Pauline Black: A 2 Tone Story

Chronicling Pauline Black's four-decade career in music and her tireless advocacy for racial equality, this engrossing documentary delves into her adopted background, the challenges she faced due to racism and sexism…

Pauline Black: A 2 Tone Story, Jane Mingay

Marginalisation and microaggressions; we all know how it is to live under a white gaze which leaves us feeling restricted, lonely and questioning our inherent worth. Thankfully, at the end of the day most of us can go home and leave the malicious and malignant phenomenon behind, shut out, sheltered by the four walls and those within them.

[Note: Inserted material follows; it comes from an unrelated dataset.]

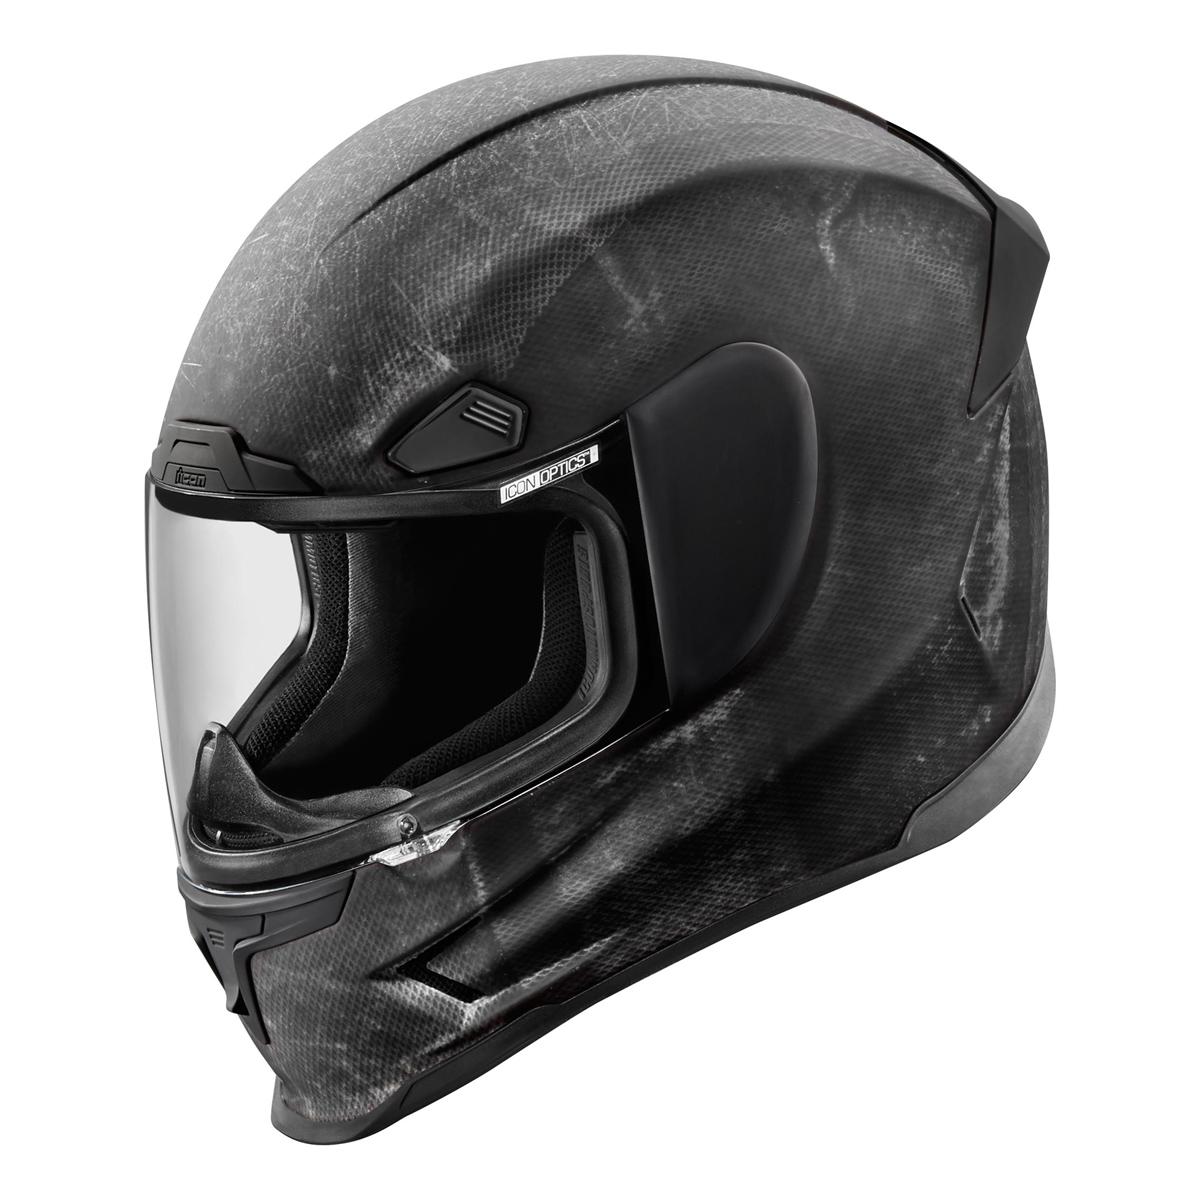 ICON Airframe Pro Construct Black Full Face Helmet

The reverse was true for Pauline Black, born Belinda, the adopted daughter of a white couple from Essex, othered by a family where casual racism was the norm and Enoch Powell was lauded. It was at home where the white gaze was most penetrative and incessant and out in the world where Pauline became and felt safest being Black. 

Pauline Black: A 2-Tone Story (2024), a feature film directed by Jane Mangy, and loosely based on Paulline’s book Black by Design (2011). It provides Pauline with the stage to tell her story and that of the second half of the 20th century, of which she played an integral part, from her perspective. The use of archival footage containing words and imagery we hope are the echoes of Britain’s bygone age, but suspect is still prevalent under the surface, is balanced out with personal anecdotes. Pauline retraces her steps to houses and places central to her journey, and a scintillating soundtrack of music encompasses genres, generations and the globe itself. Some of the biggest moments of the century and most prominent and influential figures are intertwined with Pauline’s story, the monumental nestling alongside the personal that makes this docu-film so compelling.

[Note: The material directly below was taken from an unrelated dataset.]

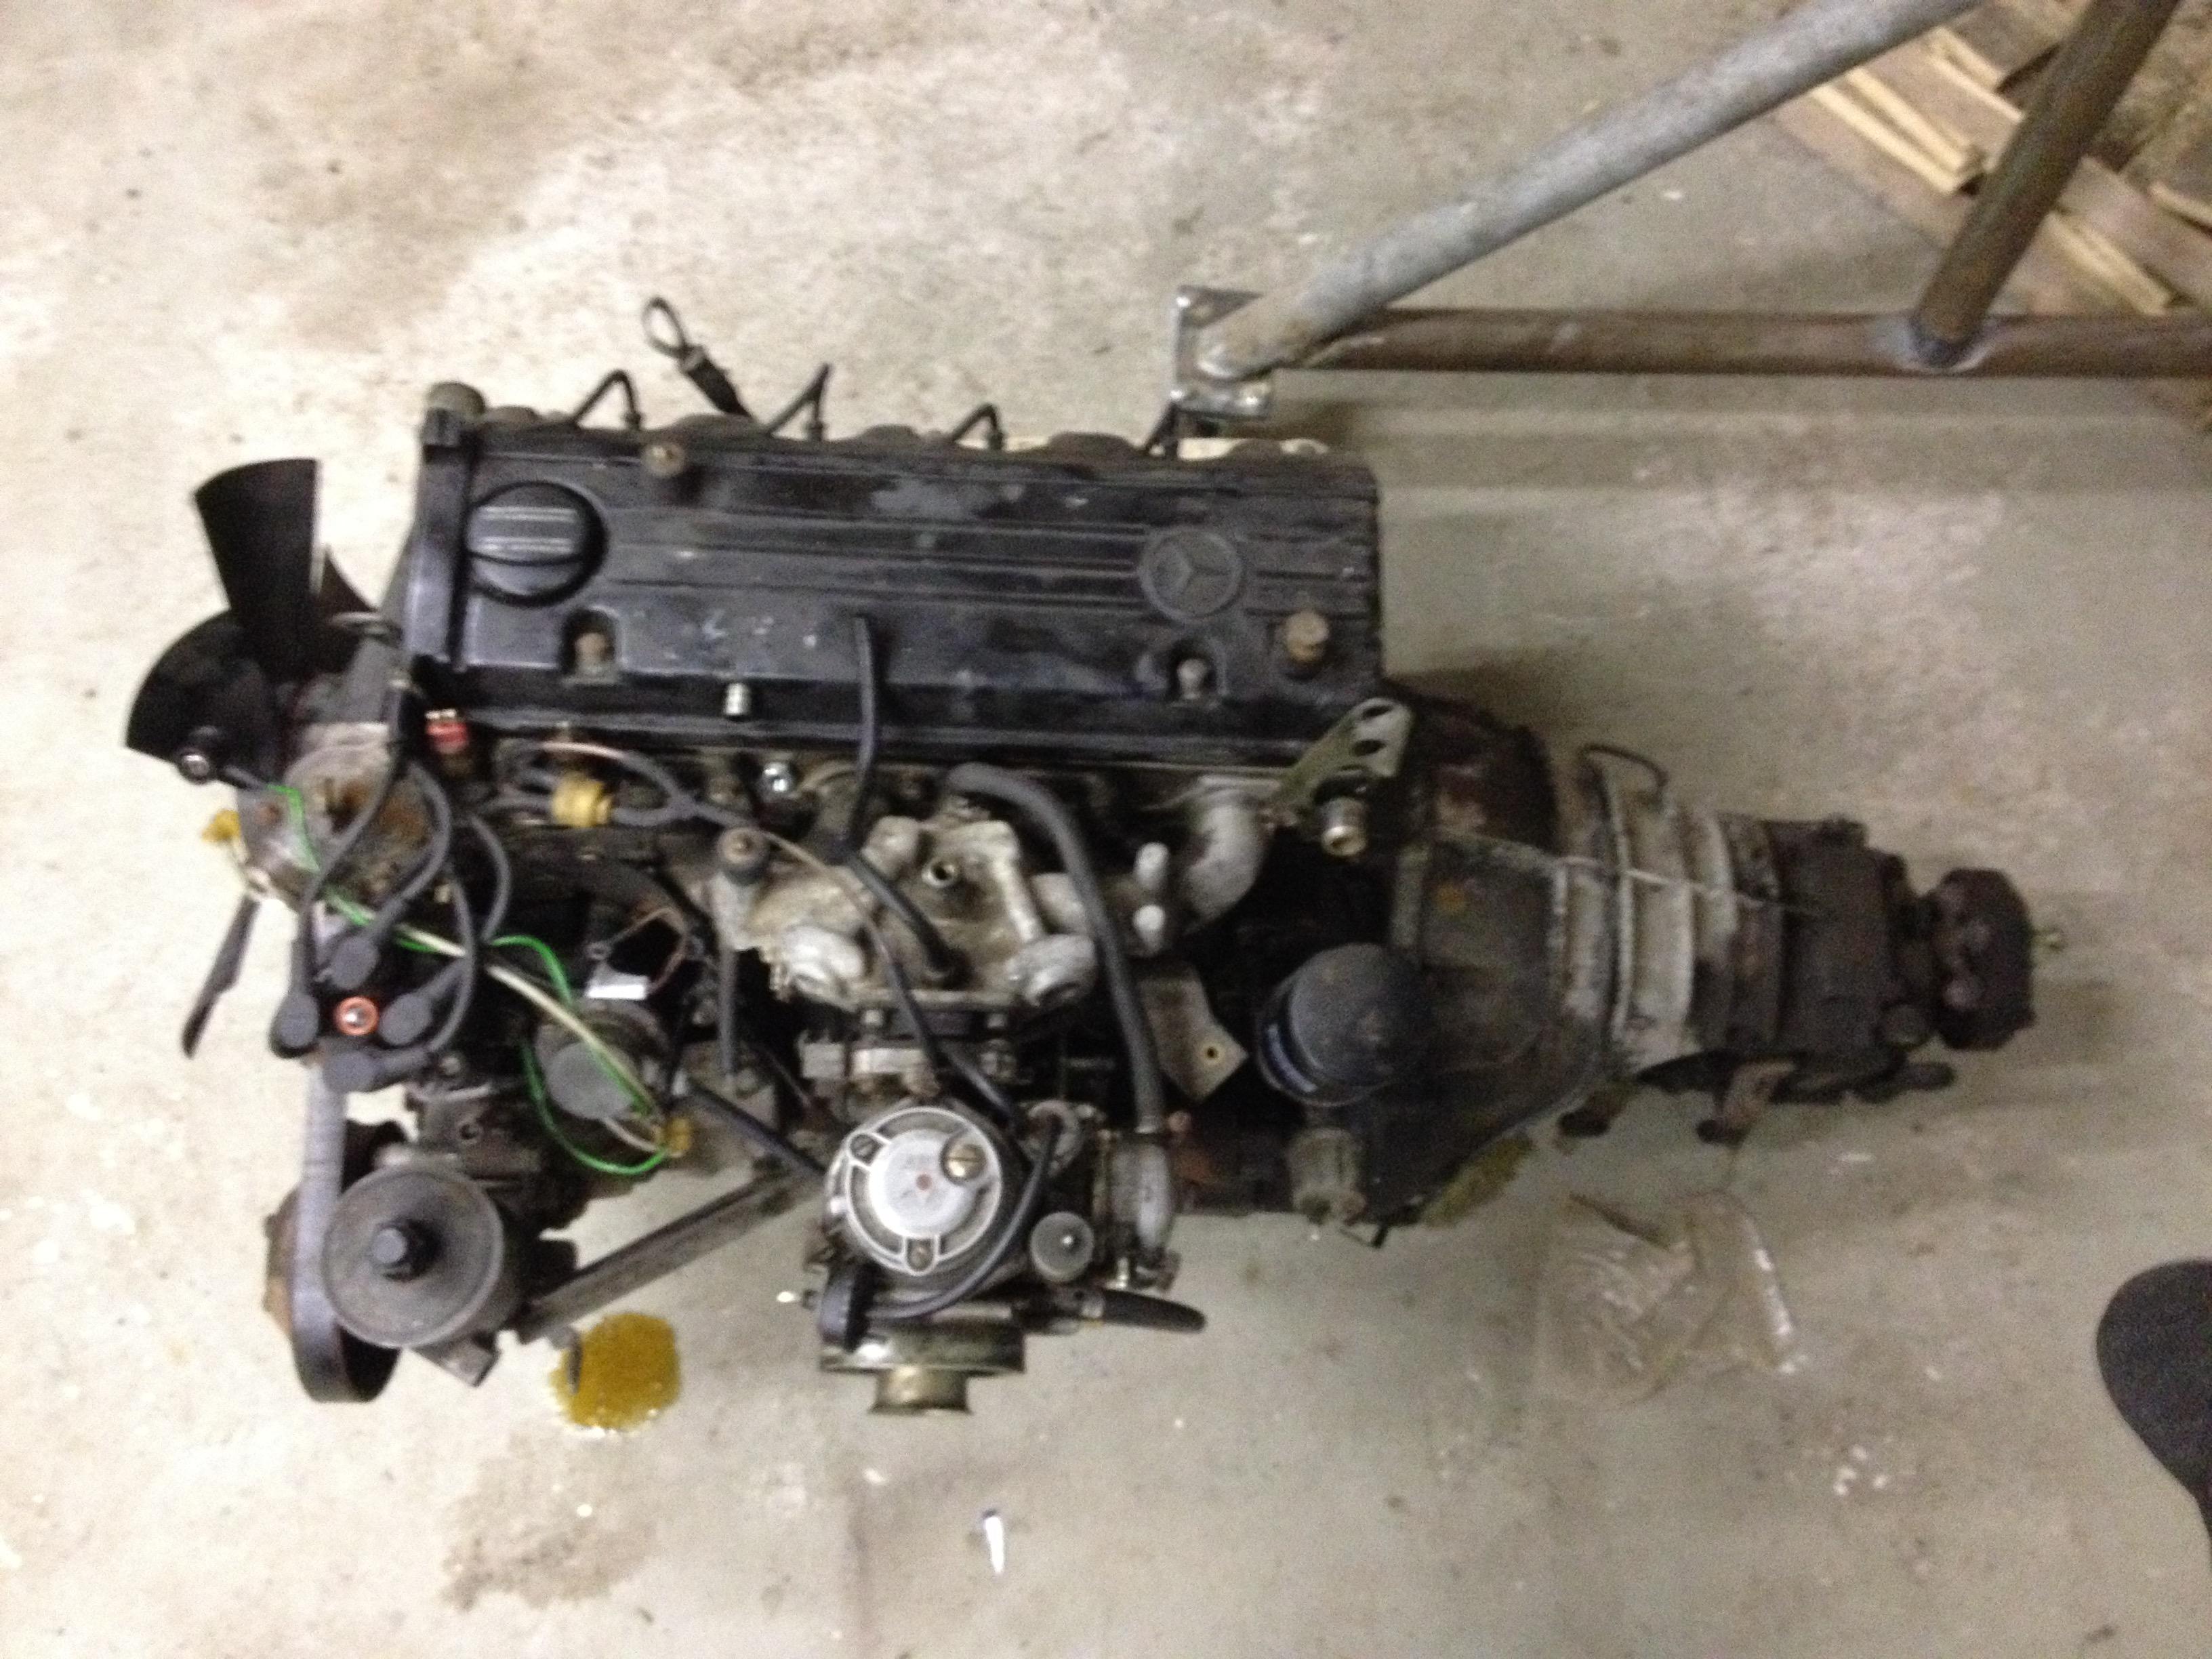 Mercedes 190 V12 project both engine's are out - JMSpeedshop !

Some of the biggest moments of the century and most prominent and influential figures are intertwined with Pauline’s story

The front woman of The Selecter band and the fitting face of 2-tone, the music that amalgamated reggae and rock-steady on one side and punk and rock on the other, and movement that stuck two fingers up at Thatcher-era policies which tried to pit Black against white; Pauline finally had the space and creative freedom to explore all sides of herself and become who she always was. 

Her coming of age could have been stunted by a volatile late 1970s and early 1980s fraught with racial tension and class agitation, but alliances such as Rock Against Racism, and the 100,000 that showed up for their 1978 concert in Victoria Park, showed that her and other Black artists were welcome in music and this country no matter what Eric Clapton said a couple of years earlier at a concert in Birmingham, when he spewed racist vitriol about “get the foreigners out” and “keep Britain white”. As well as illustrating the unifying and redemptive power of music, the documentary demonstrates the importance of time and place and exemplifies how critical sub-cultures are to the formation of identity and giving individuals a place in the world.

Fun, but frank about the triumphs and troughs of life, including finding her biological father, her mother’s fandom and discovering the existence of 16 paternal siblings, Pauline’s performance pulsates and is central to the cinematic experience that also features interviews with Don Letts, Arthur ‘Gaps’ Hendrickson and Sonia Boyce. Into her 7th decade and finally comfortable in her skin, we get the impression that the length of the journey doesn’t matter, the arrival is all that counts. 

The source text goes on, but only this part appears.